To mitigate this issue, this PR adds a new storage mode, CSYNC, where it runs a daemon to run syncing commands periodically at the specified remote path. This way, the training application can write the checkpoints to an unmounted directory and the checkpoints get synced asynchronously., which makes the process much quicker.

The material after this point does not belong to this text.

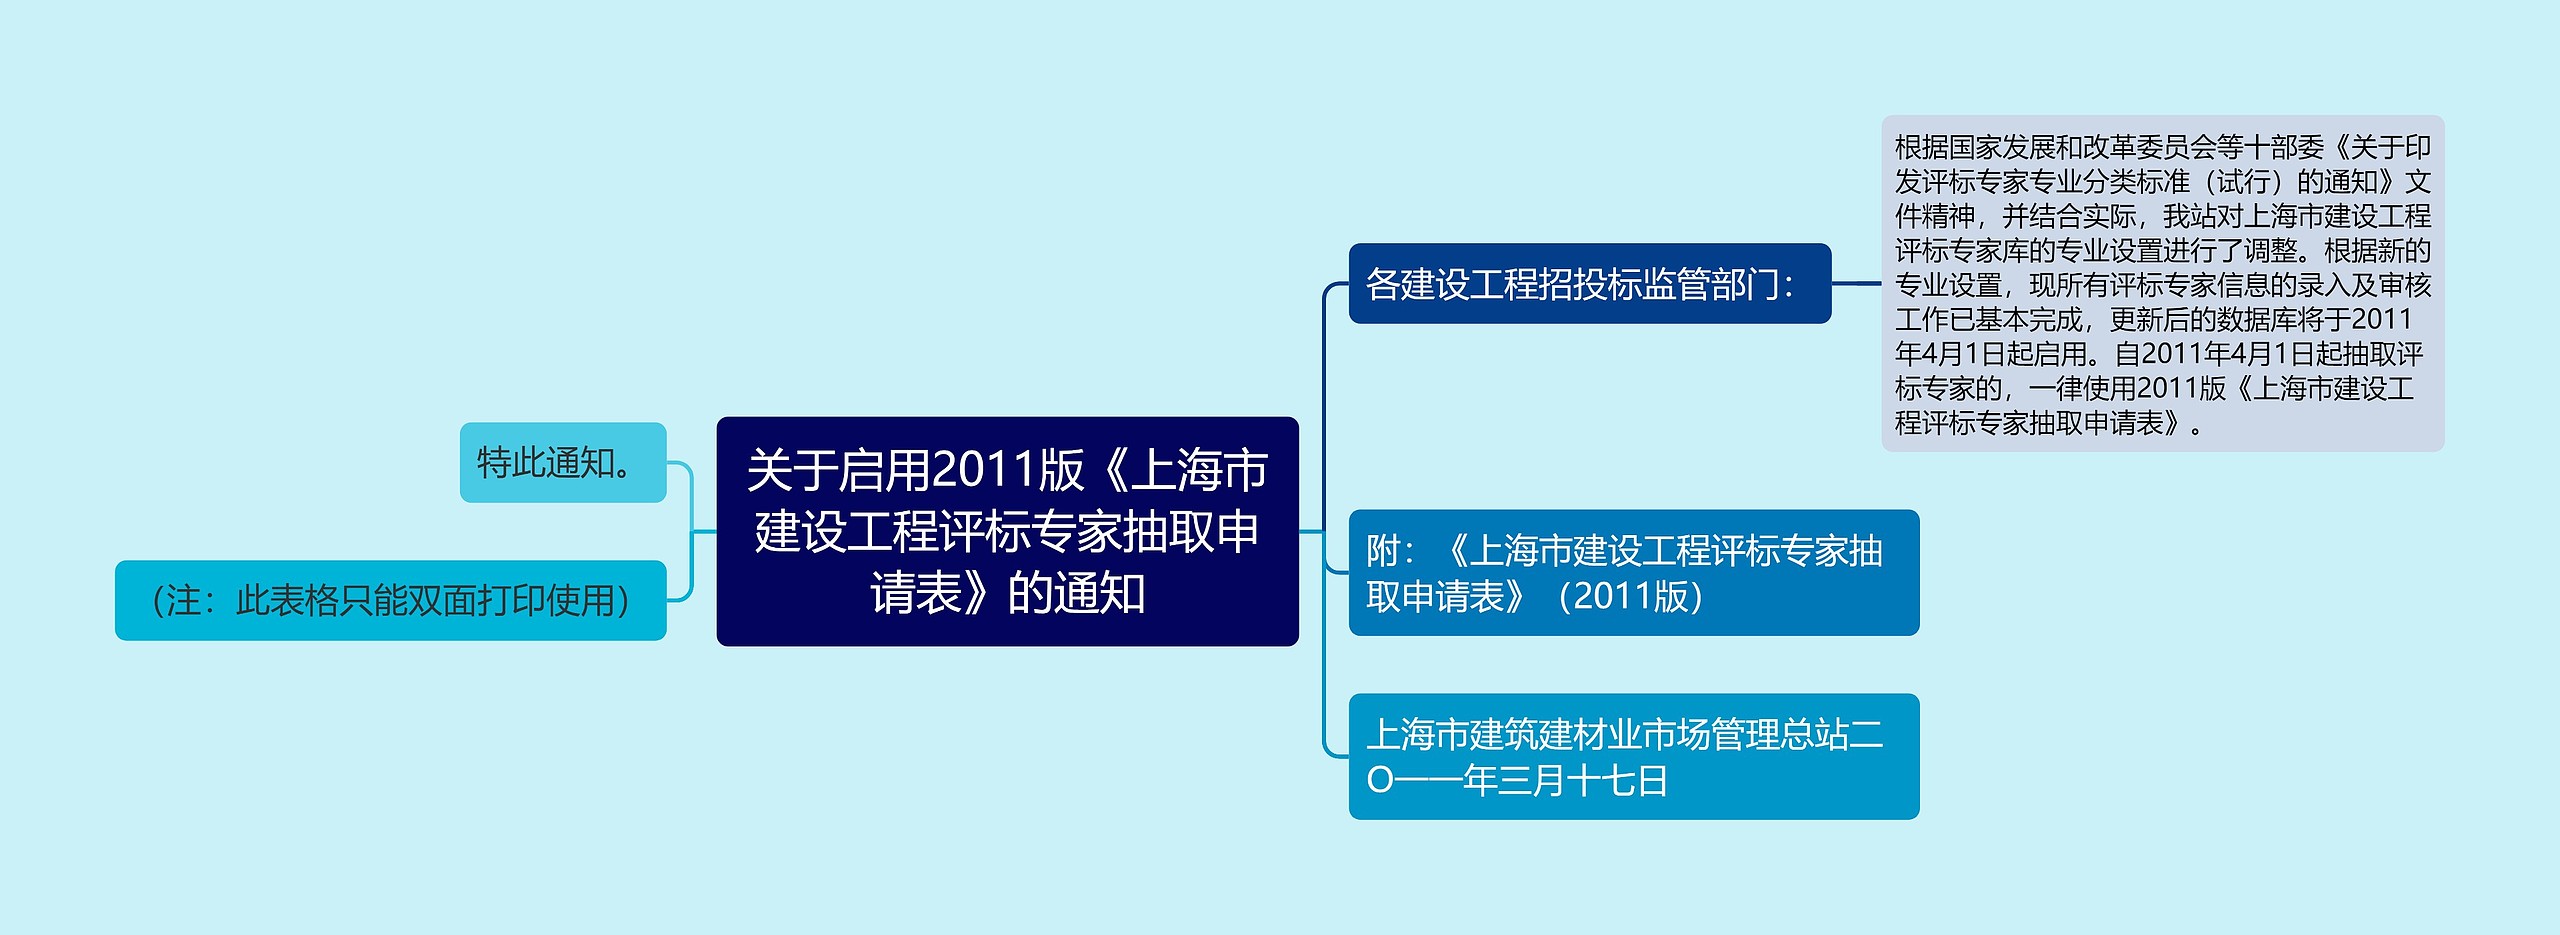 关于启用2011版《上海市建设工程评标专家抽取申请表》的通知思维导图
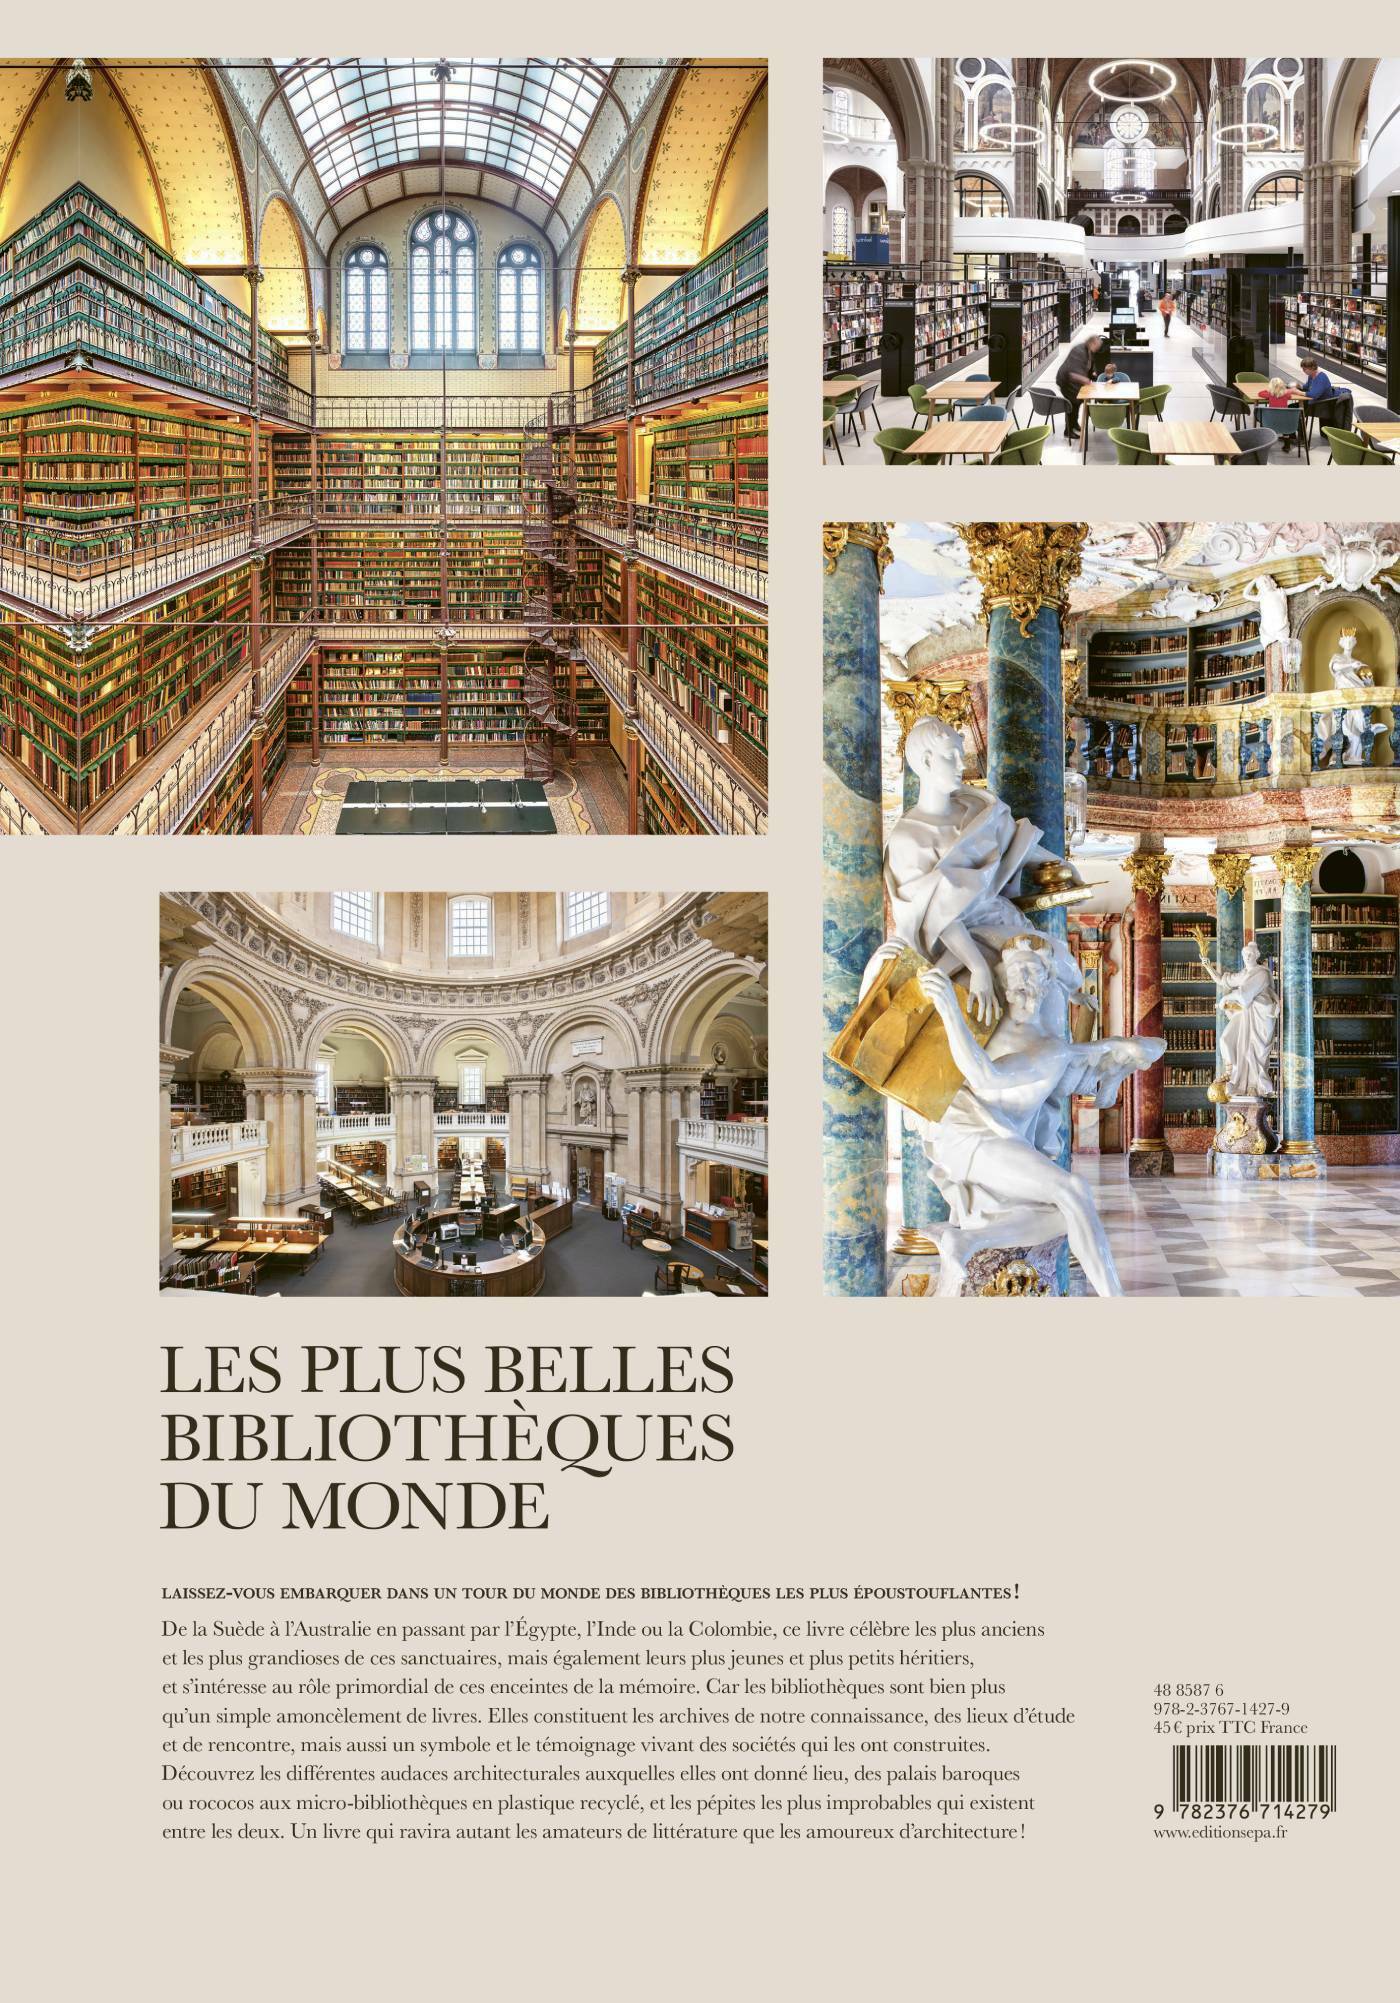 Les Plus Belles Bibliothèques Du Monde, bibliothèques

When a cluster running sync command laucnhed by csync is attempted to be stopped with sky stop/sky down, then it waits until the sync is completed before proceeding to stop/down the cluster.

Note:

Running backend_utils.wait_and_terminate_csync() within cli.py/_down_or_stop() can be implemented smoothly with storage info in cluster table's metadata. Will implement this in a separate issue
backend_utils.wait_and_terminate_csync() does not support autostop/autodown yet. Will be implemented after this PR is merged

TODO:

write _execute_storage_syncs to setup mode: CSYNC
Handle sky stop/down/autostop/autodown with cluster's metadata
support for user specifying syncing interval in task yaml
write the continuous syncing as an independent tool
add sync command for s3 and gcs
add storage tests for mode: CSYNC

Tested (run the relevant ones):

Code formatting: bash format.sh
Manual test on running CSYNC mode
Manual test on running CSYNC mode on a subdirectory of a bucket as a source
Manual test to run sky stop on a cluster running sync command launched by csync
Test managed spot job with checkpoint directory in CSYNC mode to confirm if training recovers correctly from checkpoints.
Relevant individual smoke tests: pytest tests/test_smoke.py::TestStorageWithCredentials
pytest tests/test_smoke.py::test_aws_storage_mounts_with_stop --aws
pytest tests/test_smoke.py::test_gcp_storage_mounts_with_stop --gcp

merge master

Michaelvll

Thanks for adding this feature @landscapepainter! This is very exciting. Could you merge the latest master branch? I will try this PR with our Vicuna examples. Left several questions.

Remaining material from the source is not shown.